- **Task input**:

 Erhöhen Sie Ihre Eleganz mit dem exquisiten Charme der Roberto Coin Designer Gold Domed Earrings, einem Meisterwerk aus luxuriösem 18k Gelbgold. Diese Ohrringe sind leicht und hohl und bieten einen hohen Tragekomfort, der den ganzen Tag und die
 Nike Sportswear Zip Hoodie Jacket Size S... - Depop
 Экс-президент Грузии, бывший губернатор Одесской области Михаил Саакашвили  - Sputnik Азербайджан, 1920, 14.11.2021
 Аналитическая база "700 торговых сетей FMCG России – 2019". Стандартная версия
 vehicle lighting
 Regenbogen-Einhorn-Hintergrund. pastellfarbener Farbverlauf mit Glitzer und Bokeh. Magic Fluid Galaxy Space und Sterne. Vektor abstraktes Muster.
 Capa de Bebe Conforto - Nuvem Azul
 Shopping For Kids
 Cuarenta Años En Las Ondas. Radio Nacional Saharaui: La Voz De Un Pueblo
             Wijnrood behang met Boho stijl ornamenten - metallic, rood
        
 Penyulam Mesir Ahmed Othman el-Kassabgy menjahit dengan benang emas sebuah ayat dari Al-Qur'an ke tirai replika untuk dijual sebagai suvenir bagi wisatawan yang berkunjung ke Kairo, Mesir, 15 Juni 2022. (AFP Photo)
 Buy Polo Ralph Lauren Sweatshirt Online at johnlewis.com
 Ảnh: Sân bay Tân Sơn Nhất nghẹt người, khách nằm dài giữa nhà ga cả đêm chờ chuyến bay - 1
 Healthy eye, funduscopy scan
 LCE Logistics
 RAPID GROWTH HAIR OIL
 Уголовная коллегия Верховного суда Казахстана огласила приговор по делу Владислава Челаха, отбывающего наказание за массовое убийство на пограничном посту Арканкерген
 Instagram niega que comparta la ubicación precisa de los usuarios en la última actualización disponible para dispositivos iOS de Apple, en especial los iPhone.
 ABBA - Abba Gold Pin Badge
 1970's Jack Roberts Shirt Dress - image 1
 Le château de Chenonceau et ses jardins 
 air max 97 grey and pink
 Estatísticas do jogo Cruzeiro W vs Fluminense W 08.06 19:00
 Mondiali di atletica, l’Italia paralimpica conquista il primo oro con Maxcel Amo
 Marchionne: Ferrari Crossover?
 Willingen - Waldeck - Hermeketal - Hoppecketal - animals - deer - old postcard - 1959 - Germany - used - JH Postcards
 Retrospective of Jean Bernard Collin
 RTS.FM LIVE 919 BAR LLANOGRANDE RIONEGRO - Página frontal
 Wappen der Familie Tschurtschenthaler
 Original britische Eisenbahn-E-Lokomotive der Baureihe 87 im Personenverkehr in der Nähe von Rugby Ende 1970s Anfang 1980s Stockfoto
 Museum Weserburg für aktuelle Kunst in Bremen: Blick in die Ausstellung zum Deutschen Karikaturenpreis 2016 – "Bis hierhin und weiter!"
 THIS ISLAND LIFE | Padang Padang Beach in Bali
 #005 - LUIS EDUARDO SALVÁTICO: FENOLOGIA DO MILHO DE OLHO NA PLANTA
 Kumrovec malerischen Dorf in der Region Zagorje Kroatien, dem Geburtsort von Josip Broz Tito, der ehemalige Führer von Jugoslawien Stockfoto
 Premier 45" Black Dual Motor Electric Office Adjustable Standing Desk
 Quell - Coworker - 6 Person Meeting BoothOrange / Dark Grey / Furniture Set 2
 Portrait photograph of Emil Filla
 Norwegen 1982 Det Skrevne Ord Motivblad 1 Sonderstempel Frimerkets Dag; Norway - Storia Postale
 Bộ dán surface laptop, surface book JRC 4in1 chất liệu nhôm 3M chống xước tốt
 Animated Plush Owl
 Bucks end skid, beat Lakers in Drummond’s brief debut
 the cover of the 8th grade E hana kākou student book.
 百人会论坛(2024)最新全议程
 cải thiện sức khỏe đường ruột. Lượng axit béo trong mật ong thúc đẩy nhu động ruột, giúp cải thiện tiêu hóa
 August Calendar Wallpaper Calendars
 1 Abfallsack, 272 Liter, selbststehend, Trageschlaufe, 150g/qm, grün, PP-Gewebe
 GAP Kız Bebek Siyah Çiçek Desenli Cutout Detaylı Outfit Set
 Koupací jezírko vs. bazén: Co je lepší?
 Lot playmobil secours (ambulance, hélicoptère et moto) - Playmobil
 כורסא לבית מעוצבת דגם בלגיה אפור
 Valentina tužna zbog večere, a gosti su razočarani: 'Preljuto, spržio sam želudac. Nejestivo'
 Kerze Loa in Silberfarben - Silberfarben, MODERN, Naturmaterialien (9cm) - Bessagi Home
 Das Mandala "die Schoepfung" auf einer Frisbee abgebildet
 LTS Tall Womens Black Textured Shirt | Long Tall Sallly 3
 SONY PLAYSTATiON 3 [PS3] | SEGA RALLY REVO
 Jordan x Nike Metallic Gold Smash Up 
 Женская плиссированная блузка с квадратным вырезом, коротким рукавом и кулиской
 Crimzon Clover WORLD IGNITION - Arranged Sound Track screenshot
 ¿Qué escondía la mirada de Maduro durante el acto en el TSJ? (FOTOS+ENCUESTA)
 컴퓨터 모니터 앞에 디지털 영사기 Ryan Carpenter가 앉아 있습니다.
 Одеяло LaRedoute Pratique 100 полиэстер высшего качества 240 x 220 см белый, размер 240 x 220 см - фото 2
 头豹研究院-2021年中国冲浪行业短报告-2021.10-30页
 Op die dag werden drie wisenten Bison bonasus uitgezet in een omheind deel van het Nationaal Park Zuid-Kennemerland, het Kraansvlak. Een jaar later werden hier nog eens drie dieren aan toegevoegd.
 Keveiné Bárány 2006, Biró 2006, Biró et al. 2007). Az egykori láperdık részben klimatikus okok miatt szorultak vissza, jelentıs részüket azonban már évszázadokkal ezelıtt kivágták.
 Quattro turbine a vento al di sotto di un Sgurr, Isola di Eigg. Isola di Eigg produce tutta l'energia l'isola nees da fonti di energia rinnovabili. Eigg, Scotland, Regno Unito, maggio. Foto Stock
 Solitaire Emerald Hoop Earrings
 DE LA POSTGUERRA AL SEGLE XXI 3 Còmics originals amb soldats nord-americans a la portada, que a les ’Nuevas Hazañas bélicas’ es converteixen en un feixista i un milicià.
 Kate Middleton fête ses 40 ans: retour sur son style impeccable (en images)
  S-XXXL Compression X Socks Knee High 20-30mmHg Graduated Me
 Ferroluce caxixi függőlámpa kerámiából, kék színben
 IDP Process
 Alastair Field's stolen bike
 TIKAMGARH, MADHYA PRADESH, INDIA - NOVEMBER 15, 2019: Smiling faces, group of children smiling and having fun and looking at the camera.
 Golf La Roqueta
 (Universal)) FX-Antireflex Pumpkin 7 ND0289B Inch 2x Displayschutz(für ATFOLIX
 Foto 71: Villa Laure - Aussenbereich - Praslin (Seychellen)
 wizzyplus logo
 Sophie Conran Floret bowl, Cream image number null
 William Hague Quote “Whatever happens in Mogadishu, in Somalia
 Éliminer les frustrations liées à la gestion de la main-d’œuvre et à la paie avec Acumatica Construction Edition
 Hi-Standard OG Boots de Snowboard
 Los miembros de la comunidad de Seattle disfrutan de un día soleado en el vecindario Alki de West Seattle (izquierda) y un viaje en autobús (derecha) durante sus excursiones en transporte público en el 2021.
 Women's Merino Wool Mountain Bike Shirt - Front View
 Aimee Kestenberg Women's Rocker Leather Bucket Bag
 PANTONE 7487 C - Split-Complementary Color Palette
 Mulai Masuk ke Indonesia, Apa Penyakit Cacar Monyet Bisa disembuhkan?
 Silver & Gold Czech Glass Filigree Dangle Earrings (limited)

- **Task instructions**:
Read through the lines above and collect those that contain the string "Earrings".

- **Answer to the problem**:
 Erhöhen Sie Ihre Eleganz mit dem exquisiten Charme der Roberto Coin Designer Gold Domed Earrings, einem Meisterwerk aus luxuriösem 18k Gelbgold. Diese Ohrringe sind leicht und hohl und bieten einen hohen Tragekomfort, der den ganzen Tag und die
 Solitaire Emerald Hoop Earrings
 Silver & Gold Czech Glass Filigree Dangle Earrings (limited)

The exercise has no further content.